Selecting * means simply selecting the current message - alone. Selecting any other combination of fields implies the construction of a new message type.

For example, we can try and select the combination of price, bidPrice, offerPrice. Even though these fields are picked from two different message types, this is a legal request. Its meaning is "give me the last price and quote values as of the time of each event". The result of such a query is not very useful in our scenario, since it mixes the data of different symbols:

Select from different classes
#Shell format

SELECT price, bidPrice, offerPrice FROM tickquerydemo

>_,TIMESTAMP,SYMBOL,TYPE,price,bidPrice,offerPrice
0,2011-10-17 17:21:40,GREATCO,EQUITY,_,42.5,43.5
1,2011-10-17 17:21:40,XBANK,EQUITY,_,301.25,301.75
2,2011-10-17 17:21:41,XBANK,EQUITY,301.25,_,_
3,2011-10-17 17:21:42,XBANK,EQUITY,_,298.5,301.5
4,2011-10-17 17:21:43,GREATCO,EQUITY,_,43.0,45.0
5,2011-10-17 17:21:43,XBANK,EQUITY,_,295.0,299.5
6,2011-10-17 17:21:44,GREATCO,EQUITY,44.0,_,_
!end

While executing this query, the QQL engine creates an object called Query State, containing, in our example, three fields: price, bidPrice, offerPrice Initially these fields are set to NULL. As each message comes into the query engine, the corresponding fields are updated. As we know, the first underlying message is: [from the select * query]. This first message causes the first update to the Query State, which we see in the output:

#Shell output format
>_,TIMESTAMP,SYMBOL,TYPE,price,bidPrice,offerPrice
0,2011-10-17 17:21:40,GREATCO,EQUITY,_,42.5,43.5

As you see, price is still NULL, because we have not seen a TradeMessage yet. The next message in the source data set is another BestBidOfferMessage, this time for XBANK. This new message again updates the bidPrice and offerPrice fields of the Query State, while price is still NULL. The third message (a TradeMessage) finally updates the price field, and so on. In QQL terminology, the Query State object represents a Polymorphic Union Model (PUM) of the source data.

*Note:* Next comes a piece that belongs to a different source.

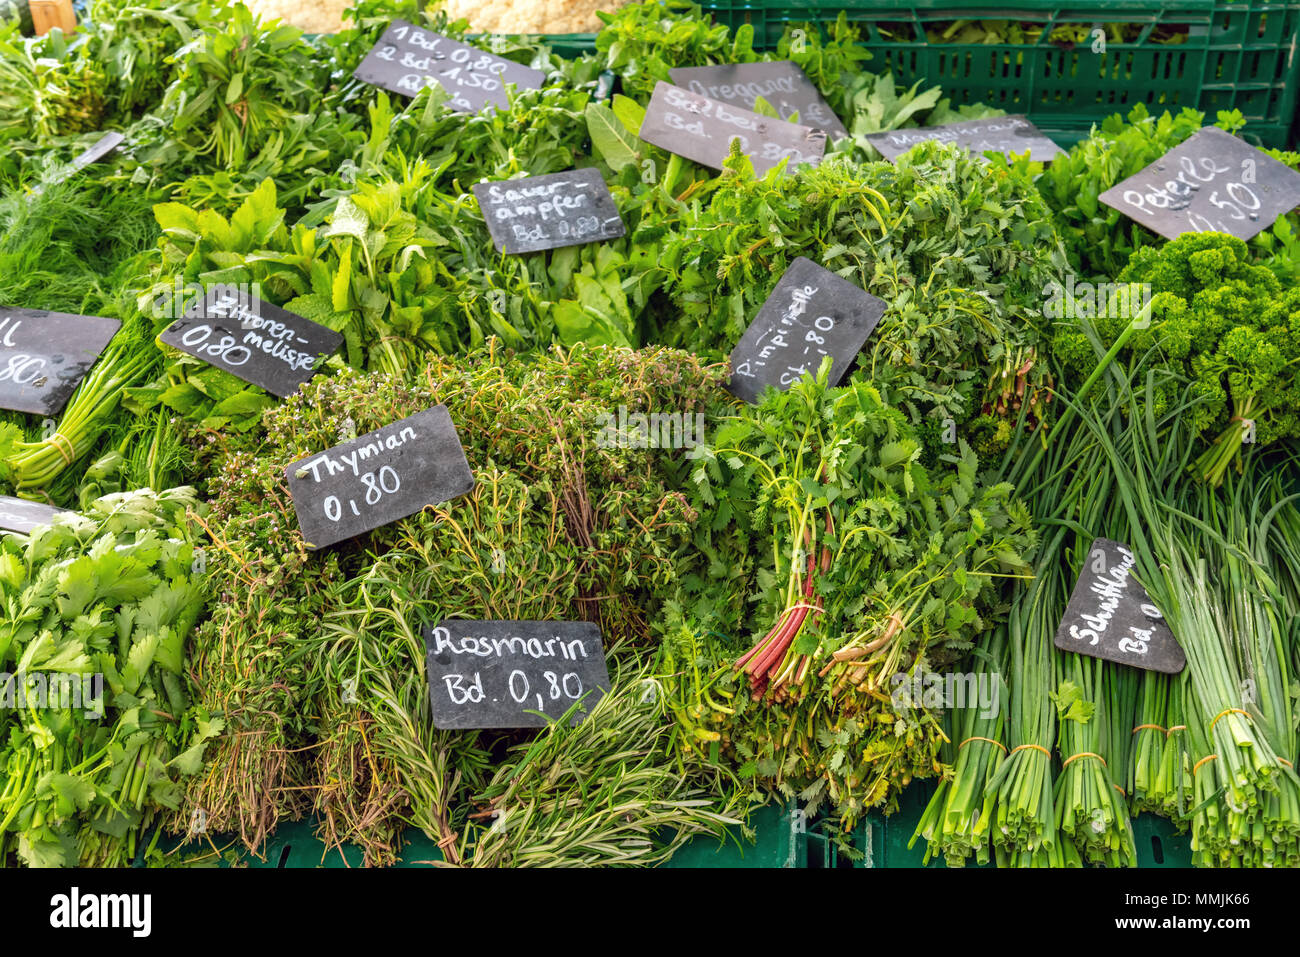 Diversi tipi di erbe aromatiche fresche per la vendita su un mercato Foto Stock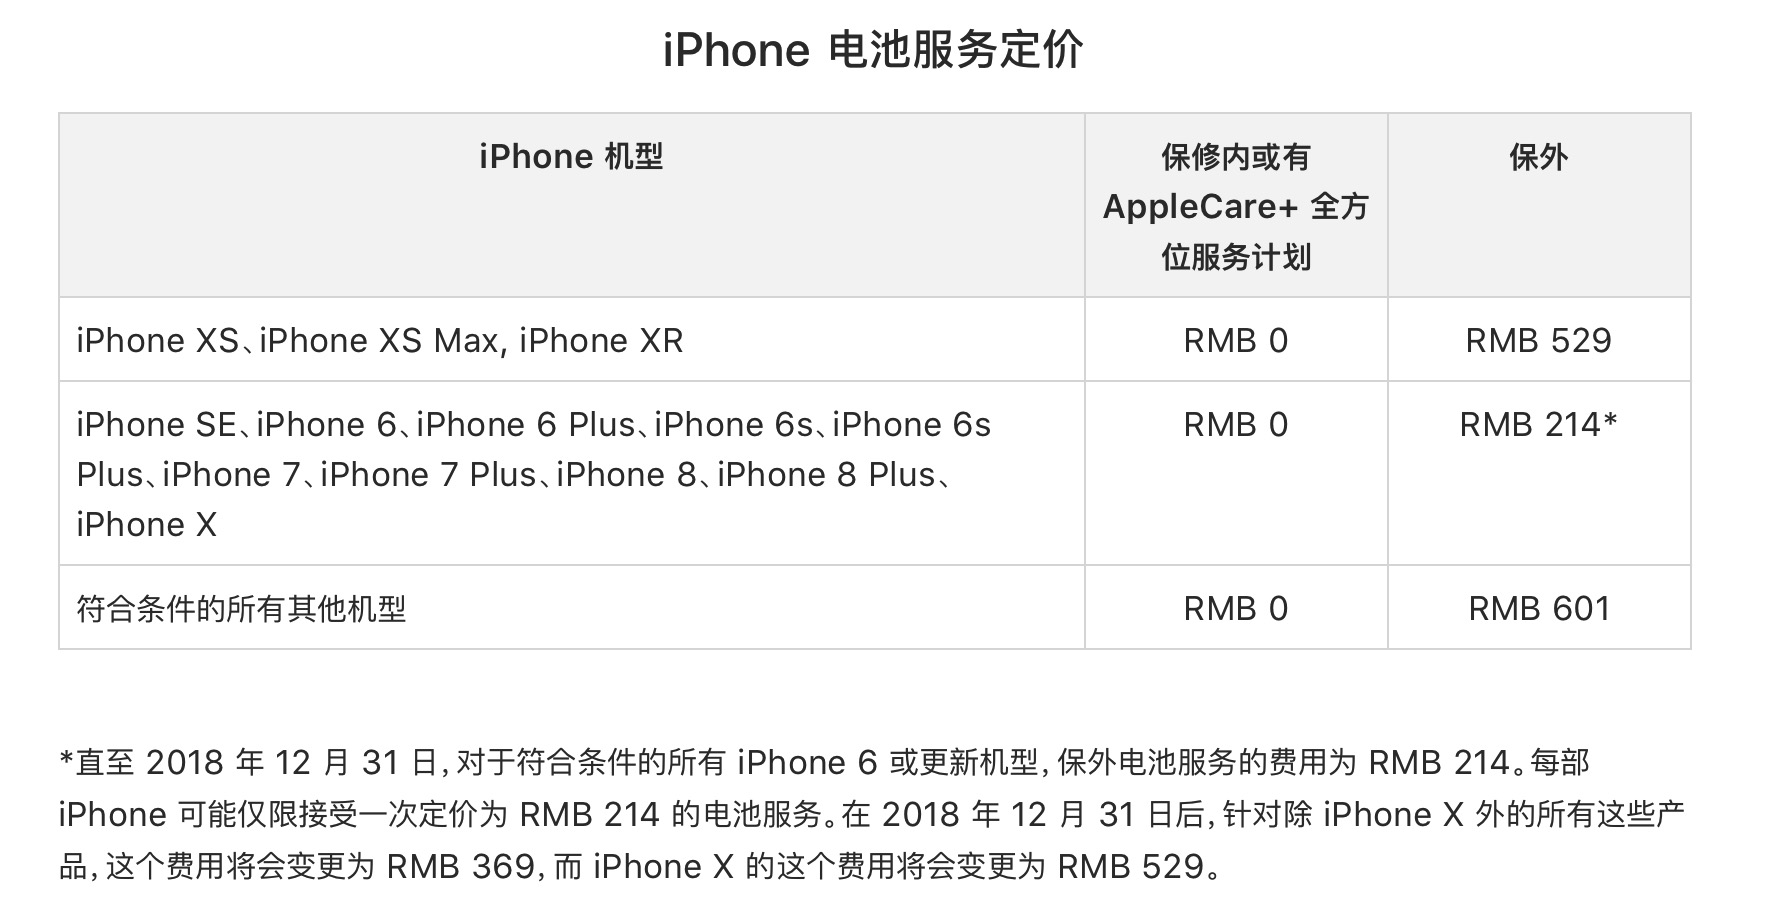 公布的iphone xs和iphone xs max保外维修价格分别是549美元和599美元

The following diagram illustrates the flow of data in the query we just ran:

As we mentioned, such a query is useless on market data, as it mixes price from one symbol with quote values from another, as seen in messages #4 and #6:

#Shell format
4,2011-10-17 17:21:43,GREATCO,EQUITY,301.25,43.0,45.0
6,2011-10-17 17:21:44,GREATCO,EQUITY,44.0,295.0,299.5

What we want instead is to track the Query State independently for each symbol. Fortunately, there is a very simple way to make the QQL engine behave the way we want, by specifying the GROUP BY SYMBOL clause. While in relational SQL the GROUP BY clause is only valid when aggregate values are being selected (such as MAX(), COUNT(), etc.), in QQL this clause has the more general effect of determining how many Query States are created, and how they are indexed.

#Shell format
SELECT price, bidPrice, offerPrice FROM tickquerydemo GROUP BY SYMBOL

>_,TIMESTAMP,SYMBOL,TYPE,price,bidPrice,offerPrice
0,2011-10-17 19:21:44,GREATCO,EQUITY,44.0,_,_
1,2011-10-17 19:21:43,XBANK,EQUITY,_,295.0,299.5
!end

Without the GROUP BY SYMBOL clause, there is only one Query State object for all symbols. When the GROUP BY SYMBOL clause is present, there is a separate Query State object message created for each distinct symbol. Each new source message updates the fields of the corresponding Query State:

Adding GROUP BY SYMBOL to our polymorphic query instantly makes the result look the way we expect.